-- Available data --

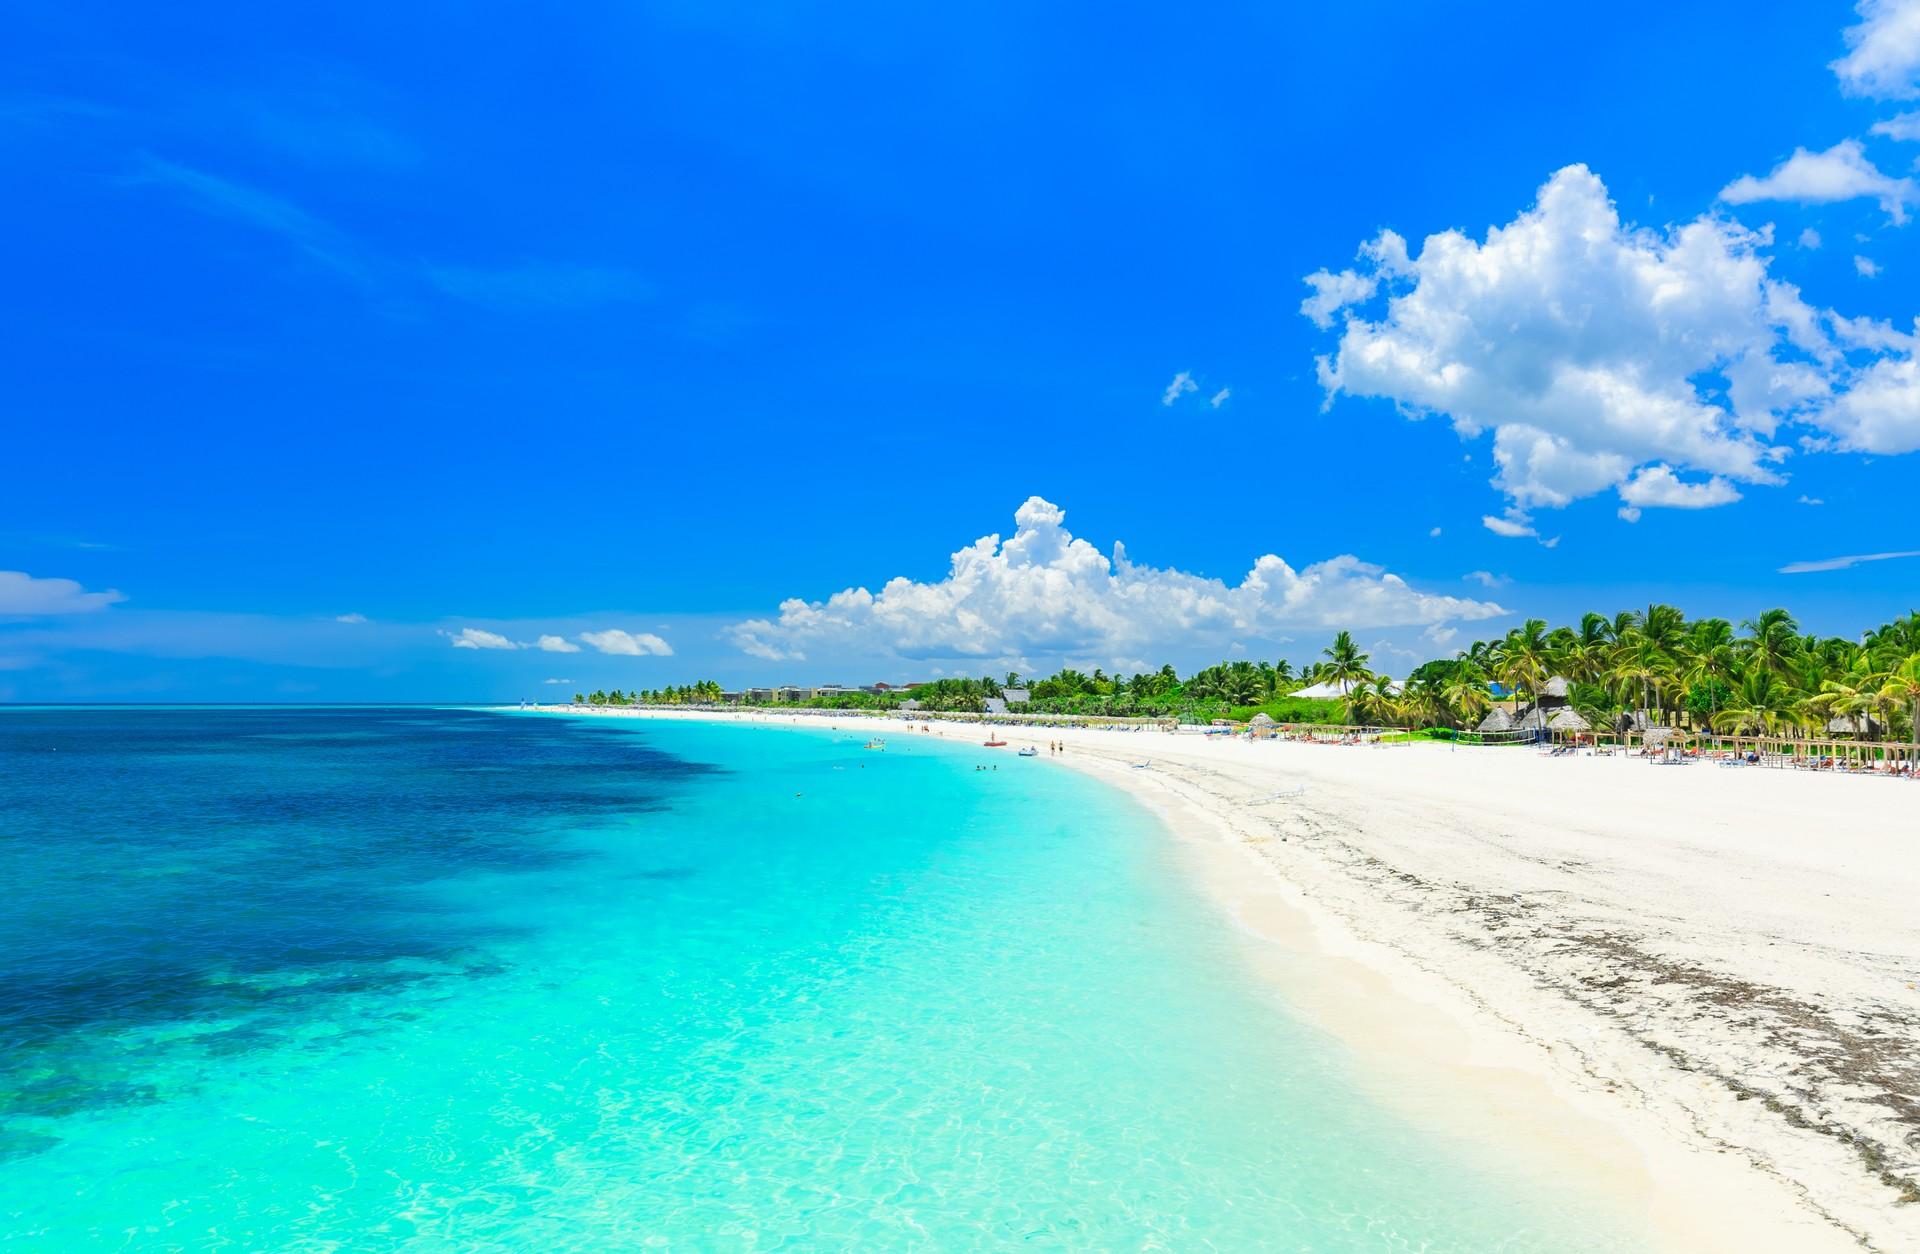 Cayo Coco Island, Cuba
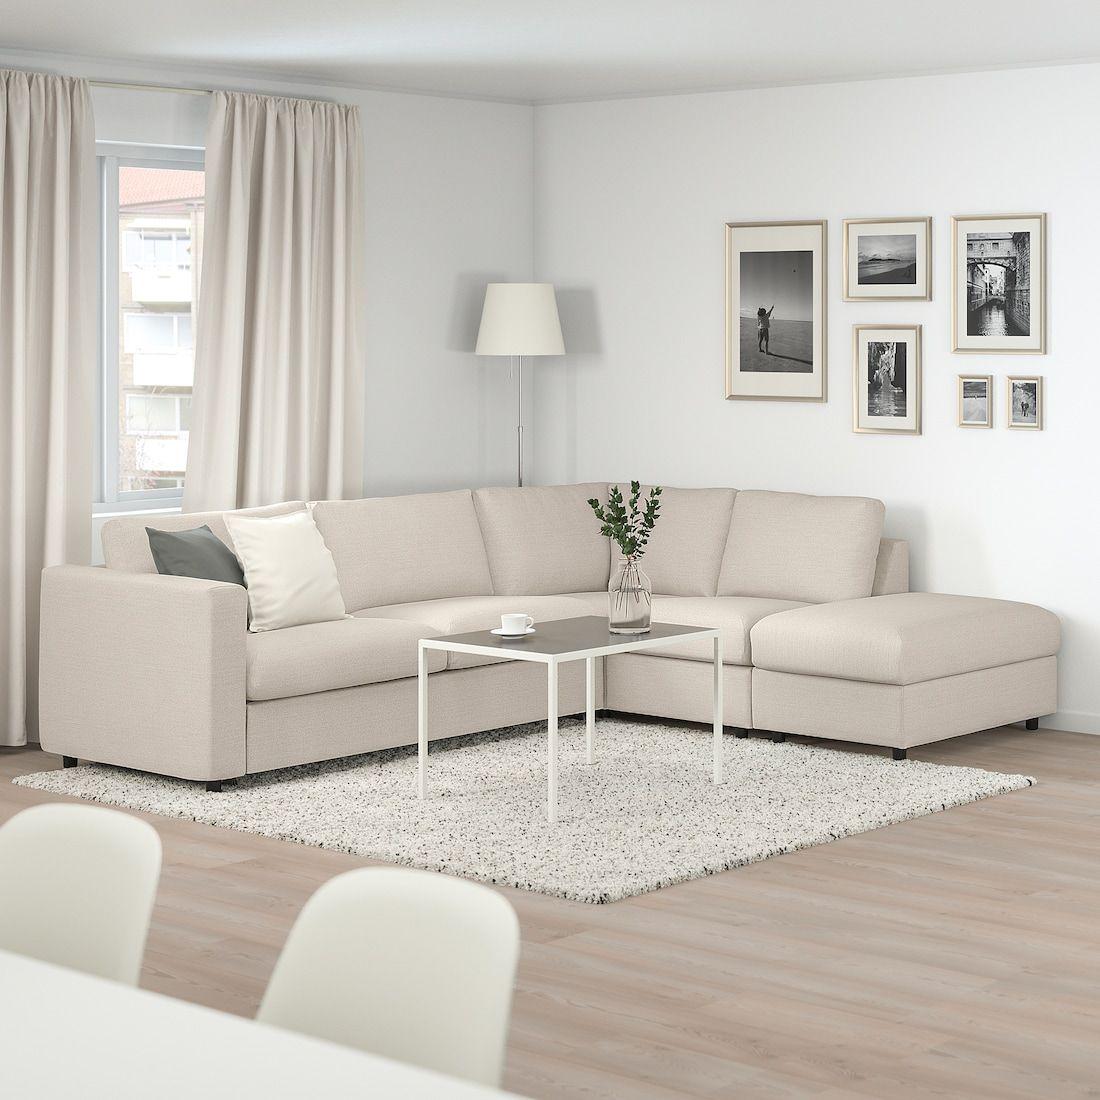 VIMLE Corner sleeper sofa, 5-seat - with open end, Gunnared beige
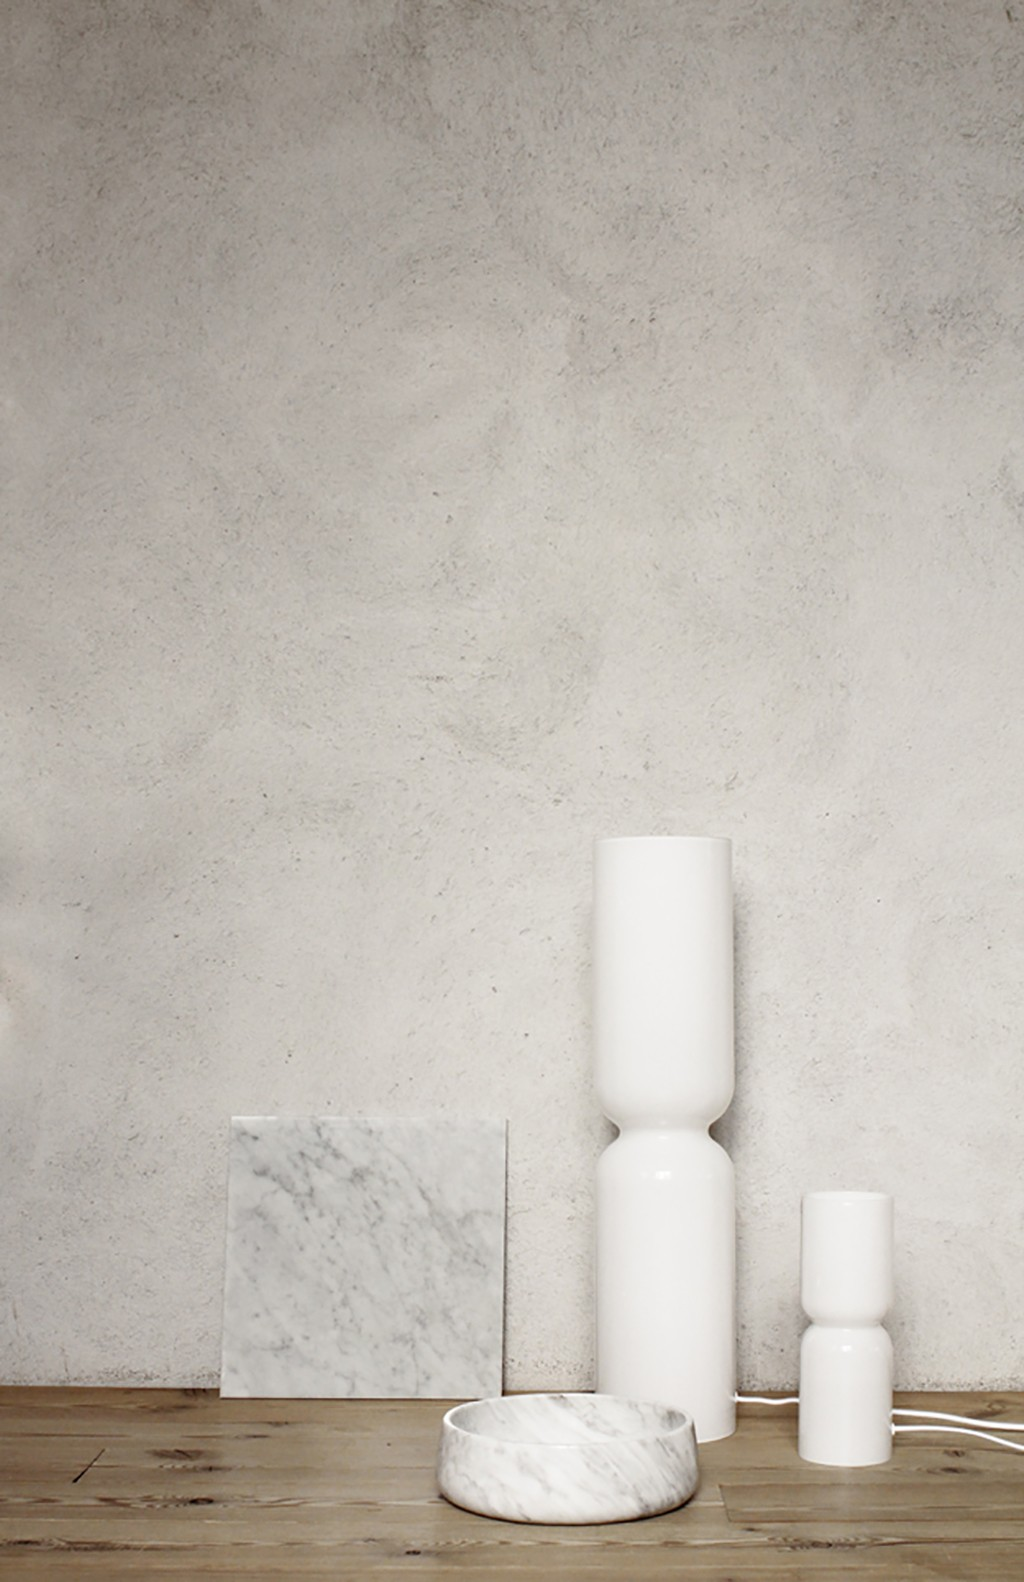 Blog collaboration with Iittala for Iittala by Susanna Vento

-- Problem details --
Leaving out all pictures, transcribe the listing exactly.

-- Response below --
 Cayo Coco Island, Cuba
 VIMLE Corner sleeper sofa, 5-seat - with open end, Gunnared beige
 Blog collaboration with Iittala for Iittala by Susanna Vento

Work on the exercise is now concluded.